If one talks in abstracts and absolutes, investment in security at a national level seems to make a difference to these figures. The Fórum Brasileiro de Segurança Pública (or Fórum Segurança, the Brazilian Forum on Public Safety), an independent network of local groups, experts and members of state and private secuirty organisations, has started to publish an annual report. The second report, available late last year, indicates a strong correlation between increased spending ($35 Billion US in 2007) and the decline in homicides. For example, in Rio there was an increase in spending of 4.4% and a decline in homicides of 4.7%. A summary in English is available here.

The big thing is not so much public space surveillance (although the industry report mentioned above estimates a $1Bn US market for electronic surveillance technology mainly for the private sector), but both fortification (especially the upsurge in the building of secure condominiums) and the increasing numbers of human security operatives. These may be private security, the new Municipal Guards – basically private security now employed by more than 750 local mayors – or even more worryingly, the urban militias, particularly in Rio. Despite the massive investment in public safety highlighted by Fórum Segurança, official police and other state agents of security and safety are still poorly paid, demotivated and not trusted. To remedy their perceived weakness, in particular in dealing with drug trafficking gangs, so-called Autodefesas Comunitárias (ADC, or Community Self-Defence) groups have emerged. These are paramilitaries made up of current and former police, soldiers, firemen and private security, who basically invade favelas to drive out traffickers in the name of safety, but which soon come to dominate the area and create a new kind of violent order. Now a report by the Parliamentary Hearing Commission into the Militias of Rio de Janeiro, has named names (including several local representatives), and various measures are promised.

Violent Crime in Brazil

Murder rates in Brazil and Sao Paulo (The Economist)
Murder rates in Brazil and São Paulo (The Economist, 2008)

Most people tend to think of Brazilian cities as divided and violent, with especially high rates of gang-related gun deaths in and around the favelas. Certainly that was the impression I was starting to get. However, there was an excellent piece last year in The Economist on falling murder rates in Brazilian cities. Yes, that´s right, I said falling murder rates. And not just falling, plummeting.

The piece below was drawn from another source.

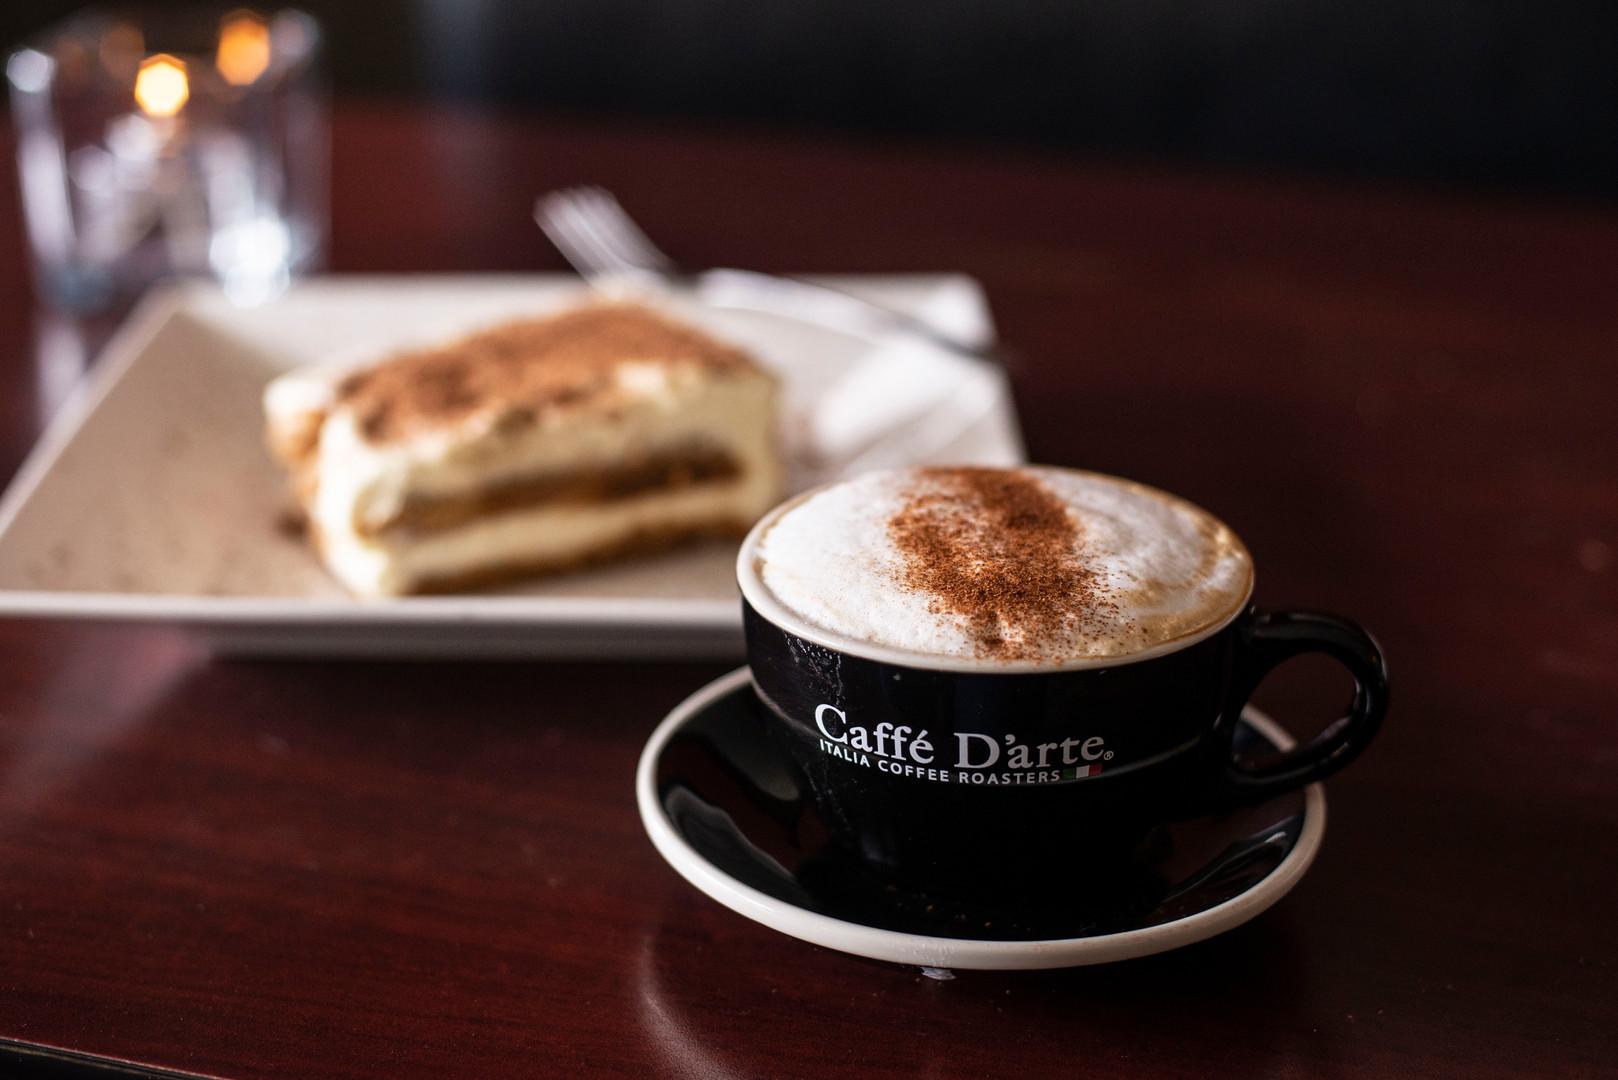 Caffe Da`rte

However, as the article points out, the decline is largely due to a halving of the murder rate in Brazil´s second city, São Paulo. The Economist put this down to a combination of: tighter gun control; better policing (including community policing initiatives and a large new Murder Squad, which ¨uses computer profiling to spot patterns and to act preventively¨); and, a relative decline in the youth demographic as the baby-boom cohort of children born after the mass immigration from the 1970s ages – the gangsters are getting older and getting out of crime, and there are slightly fewer young recruits to replace them. But one note of caution is that this may all be the temporary result of one particular gang gaining a dominant and unchallengable position. My view (not The Economist´s) is that if this latter development is a genuinely long-term trend, it could either result in a move to more legal community development activities by the gang (as has happened in some US cities) or a more stable but persistant pattern of criminality such as that in exhibited by the endemic gang-cultures of Southern Italy or in Japan…

Of course, I should also note that these figures are official ones from the Ministry of Health and I have no idea yet how reliable are the collection or categorisation methods for crime statistics used by the Brazilian authorities.